WORK TO BE COMPLETED: The answer is to be an exact copy of the lines below running from the line with "বাংলাদেশ সরকারের অধীনস্থ" down to the line with "personalizzare cabina cabina", both ends included, and nothing more.

MATERIAL SHOWN:

== Segment start ==

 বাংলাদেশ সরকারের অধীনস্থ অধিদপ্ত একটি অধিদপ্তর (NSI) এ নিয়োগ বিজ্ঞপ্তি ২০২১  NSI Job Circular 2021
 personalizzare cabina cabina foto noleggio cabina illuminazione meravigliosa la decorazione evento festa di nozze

== Segment end ==
== Segment start ==

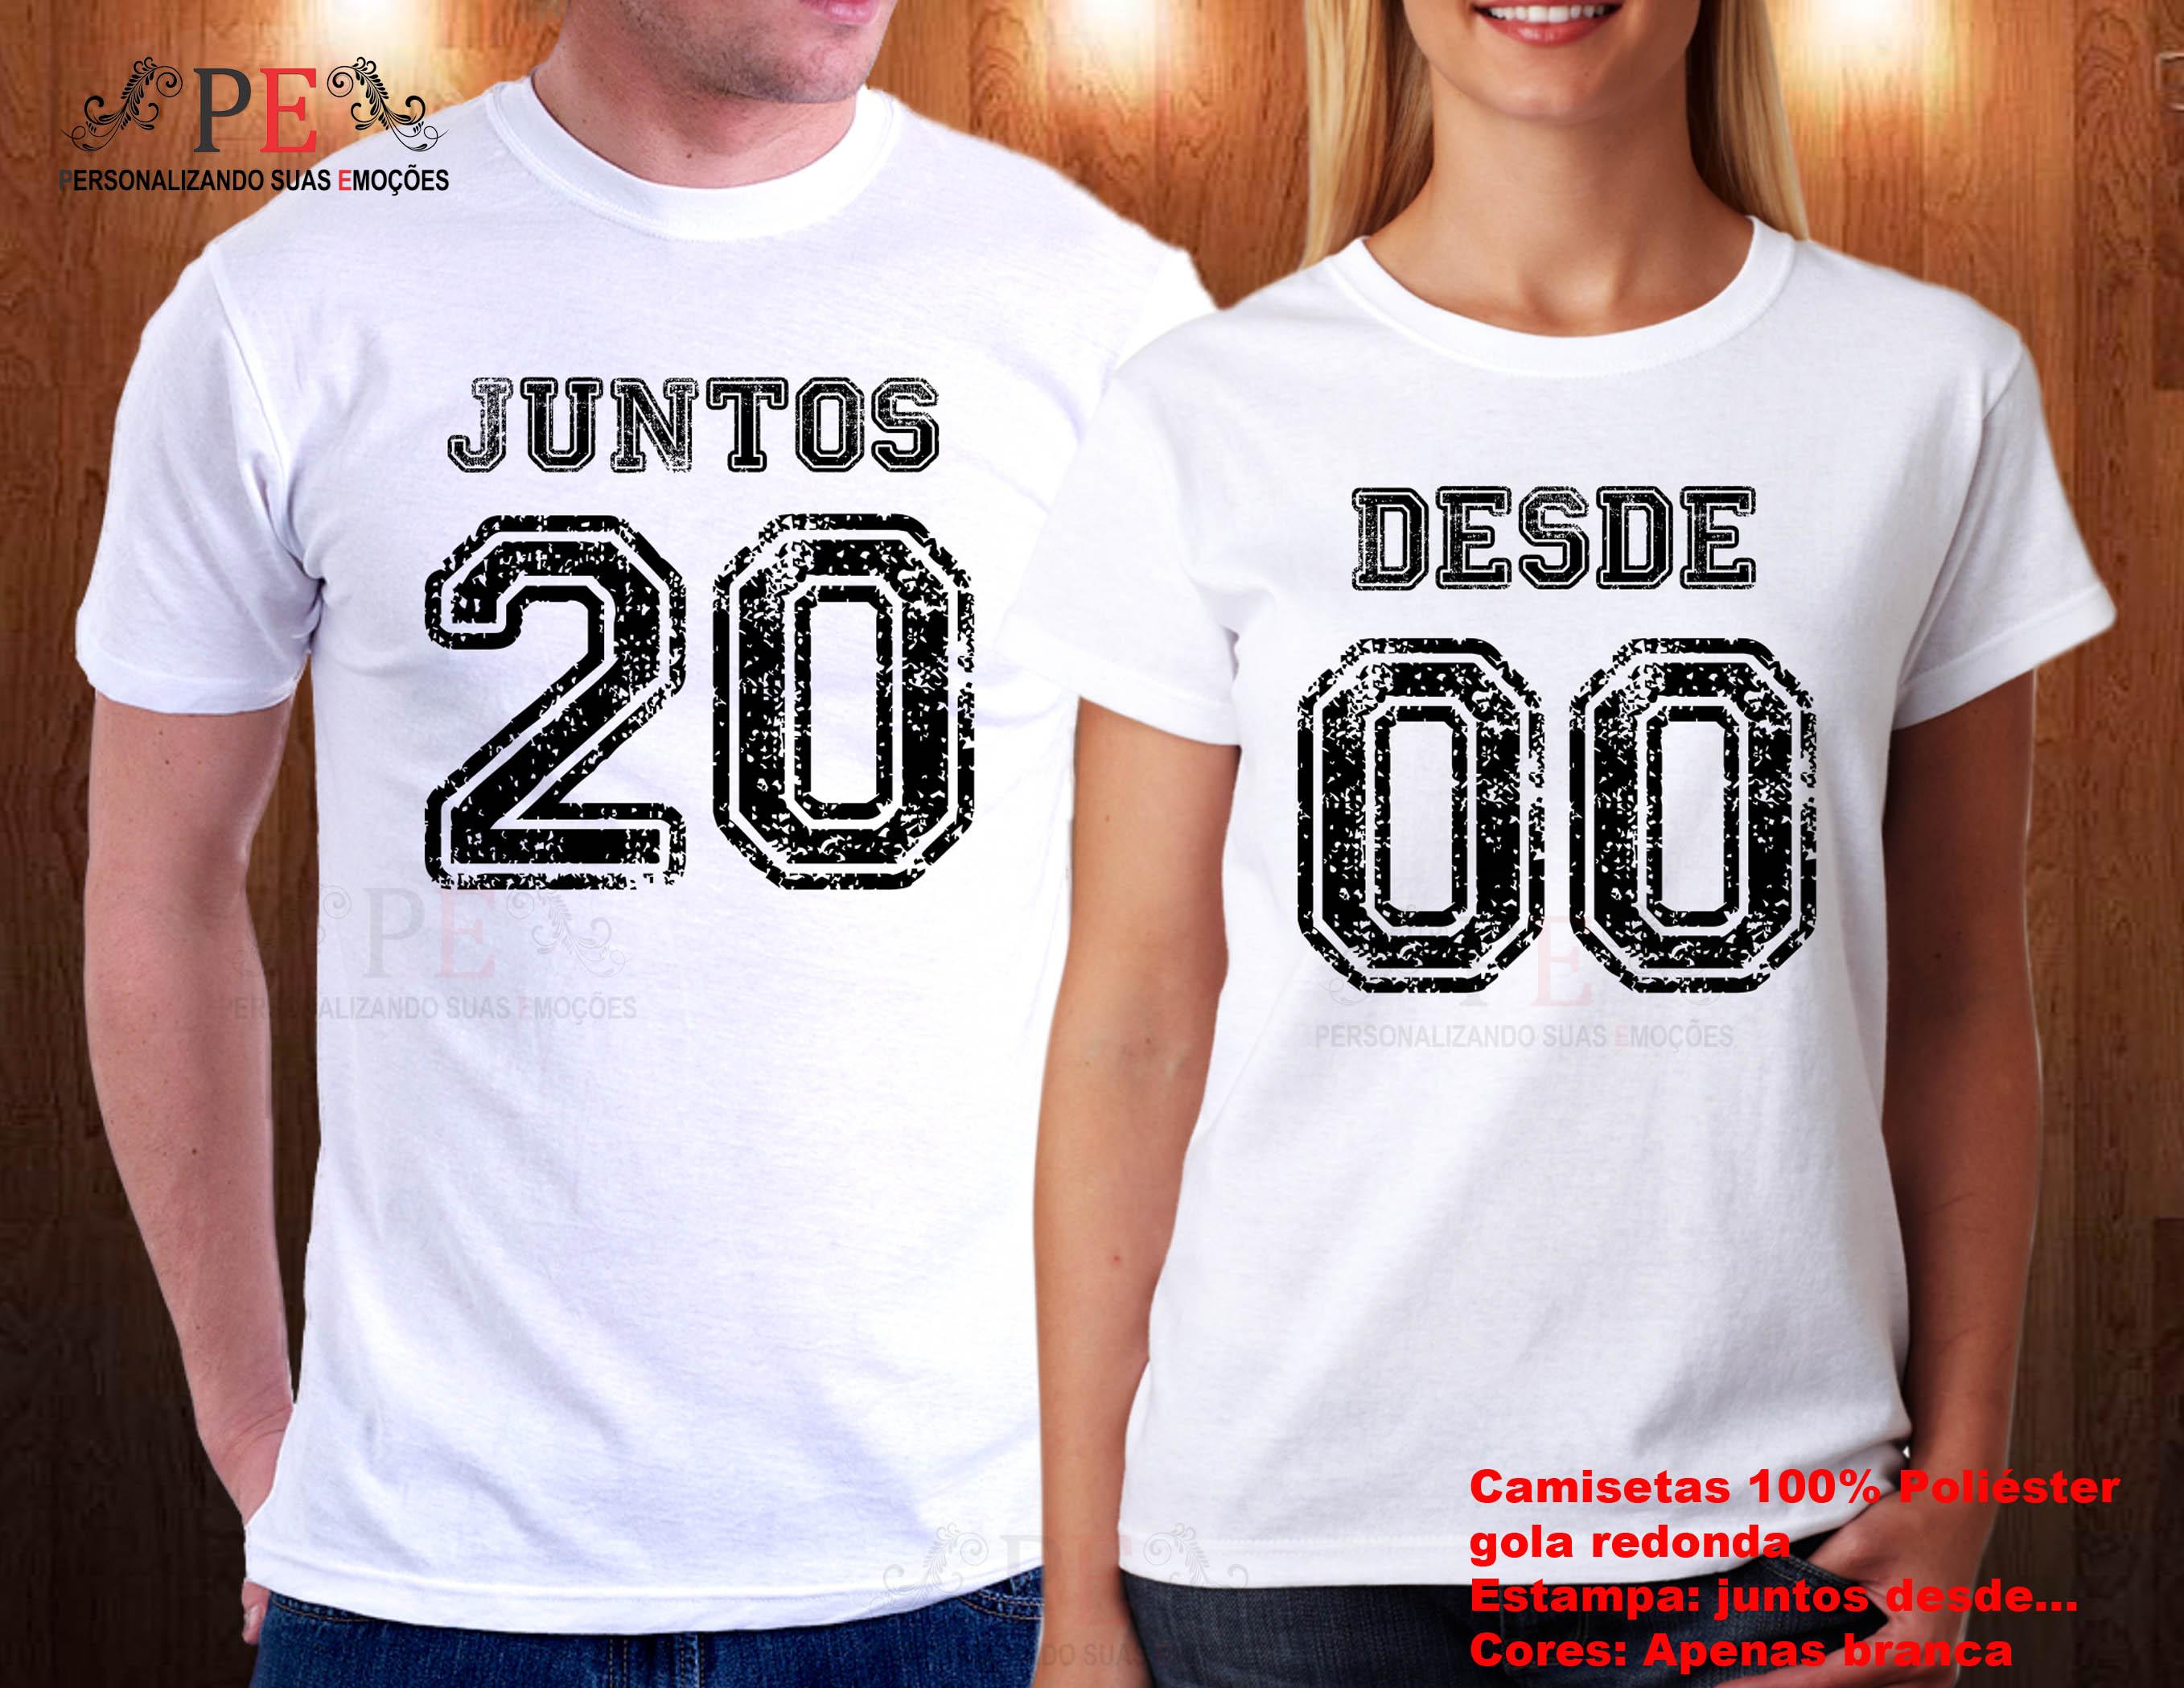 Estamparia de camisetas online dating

== Segment end ==

OUTPUT FOR THIS EXERCISE:
 বাংলাদেশ সরকারের অধীনস্থ অধিদপ্ত একটি অধিদপ্তর (NSI) এ নিয়োগ বিজ্ঞপ্তি ২০২১  NSI Job Circular 2021
 personalizzare cabina cabina foto noleggio cabina illuminazione meravigliosa la decorazione evento festa di nozze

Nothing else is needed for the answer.